■ **WHAT IS REQUIRED**:
Repeat only these lines, exactly: the first line of the data, the line containing "Vintage Dutch Cognac Leather Club Chair", and every line between them. Pictures stay out.

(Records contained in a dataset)
--*--
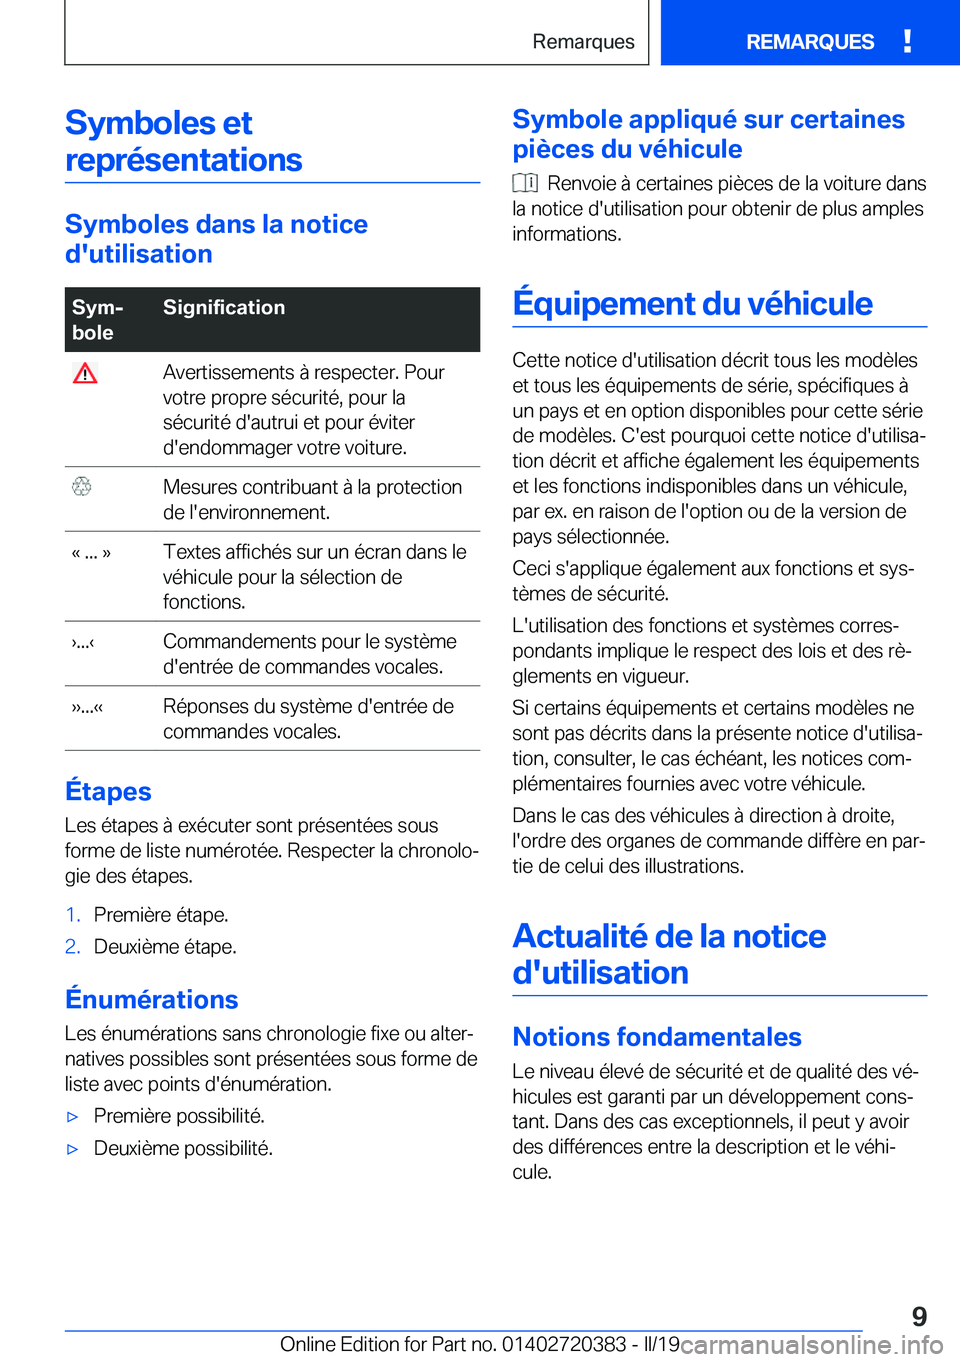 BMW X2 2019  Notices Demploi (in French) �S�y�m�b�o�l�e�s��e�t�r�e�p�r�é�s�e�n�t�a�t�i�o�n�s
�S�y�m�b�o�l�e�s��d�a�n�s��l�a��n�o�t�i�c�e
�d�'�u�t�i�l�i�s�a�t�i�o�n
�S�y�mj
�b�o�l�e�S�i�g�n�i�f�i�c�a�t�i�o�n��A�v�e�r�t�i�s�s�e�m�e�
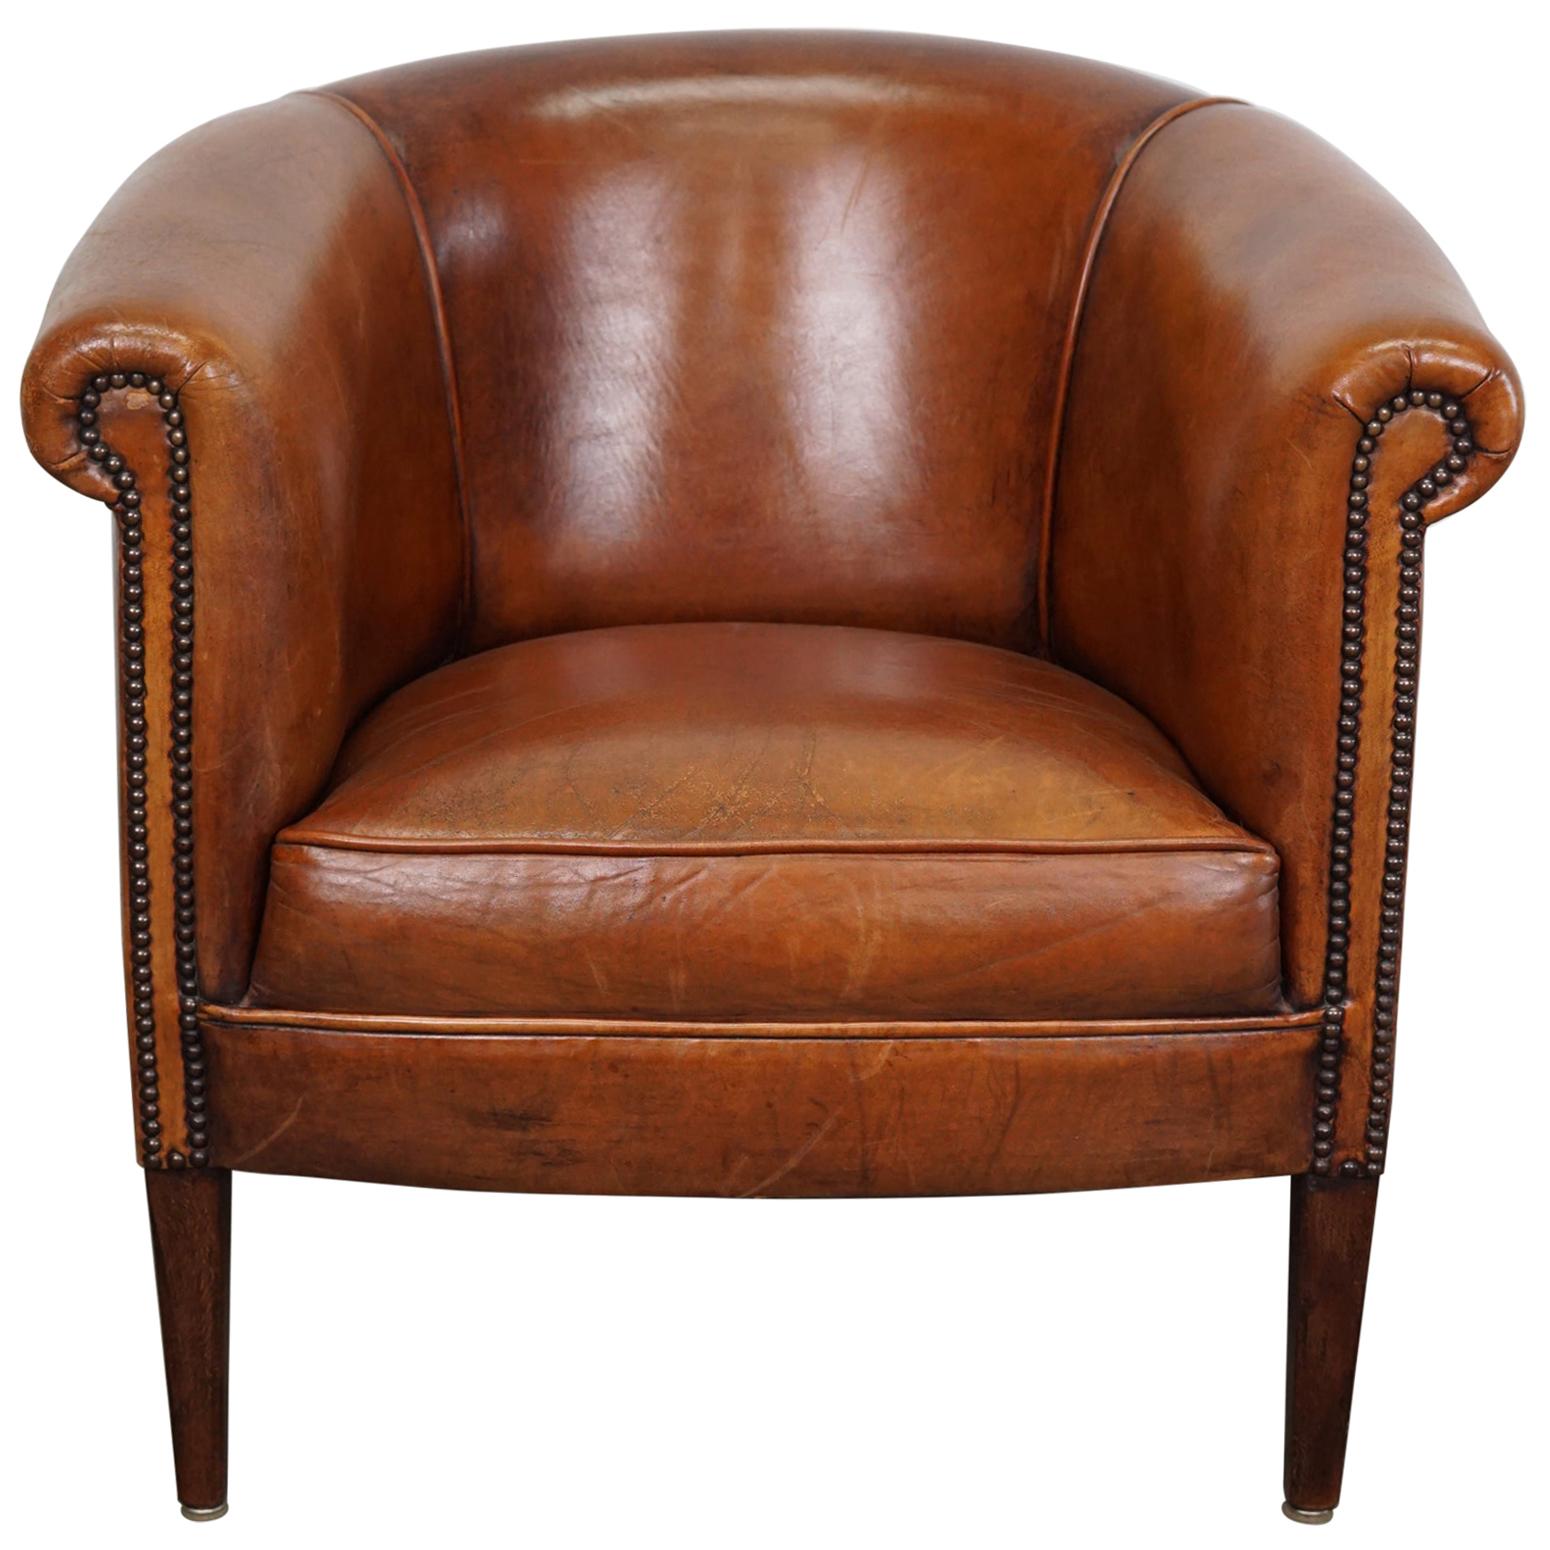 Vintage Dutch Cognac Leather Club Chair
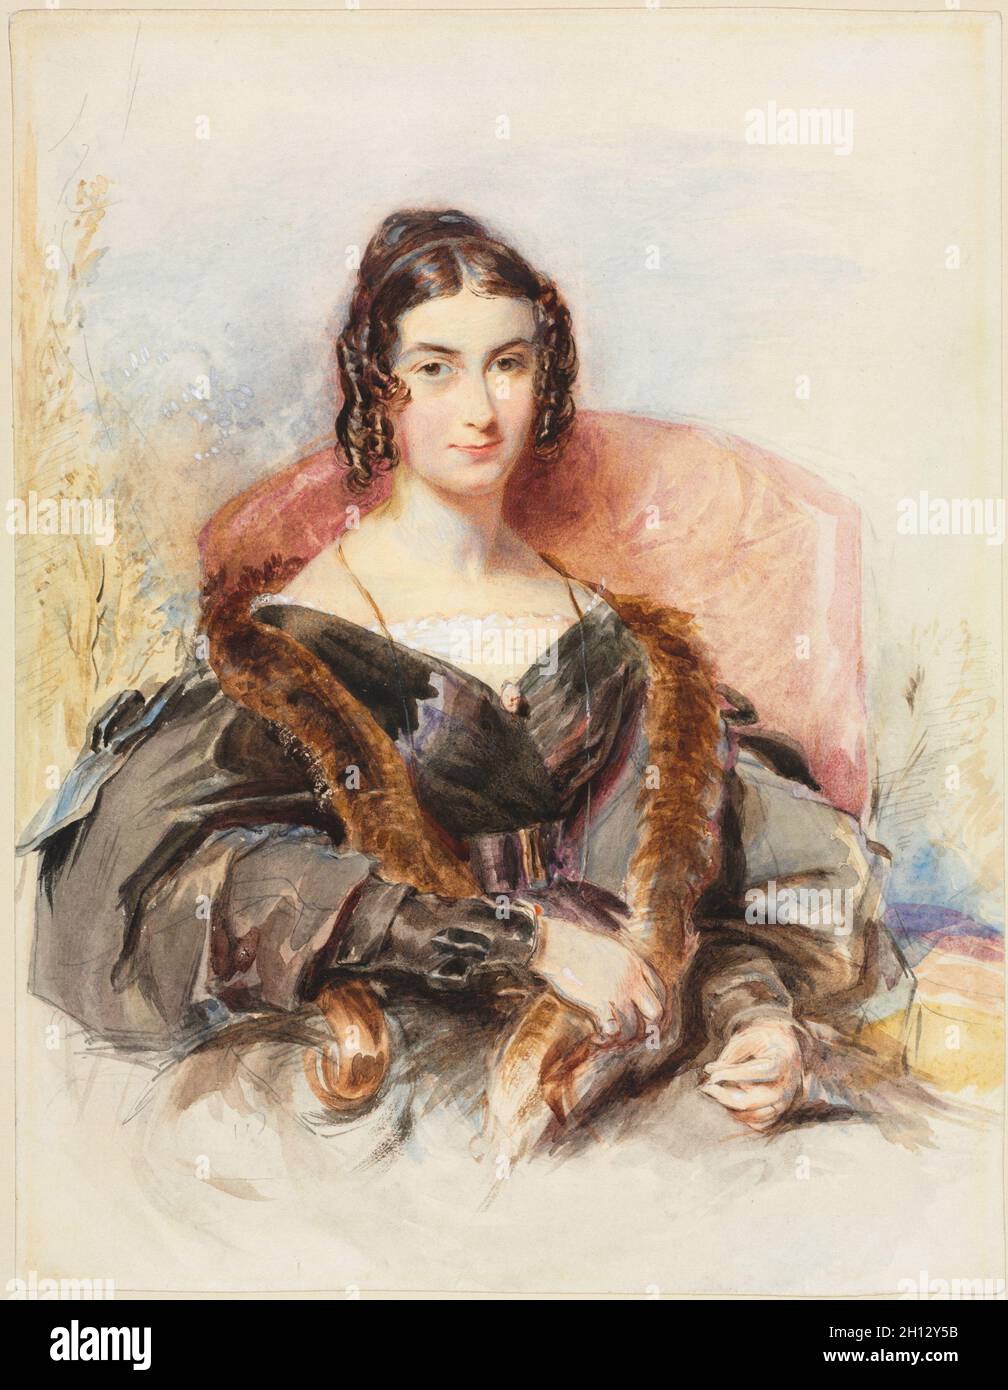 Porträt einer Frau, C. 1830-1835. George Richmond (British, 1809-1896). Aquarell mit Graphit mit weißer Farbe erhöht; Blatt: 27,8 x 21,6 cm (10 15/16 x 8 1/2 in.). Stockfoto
--*--
■ **EXPECTED ANSWER**:
 BMW X2 2019  Notices Demploi (in French) �S�y�m�b�o�l�e�s��e�t�r�e�p�r�é�s�e�n�t�a�t�i�o�n�s
�S�y�m�b�o�l�e�s��d�a�n�s��l�a��n�o�t�i�c�e
�d�'�u�t�i�l�i�s�a�t�i�o�n
�S�y�mj
�b�o�l�e�S�i�g�n�i�f�i�c�a�t�i�o�n��A�v�e�r�t�i�s�s�e�m�e�
 Vintage Dutch Cognac Leather Club Chair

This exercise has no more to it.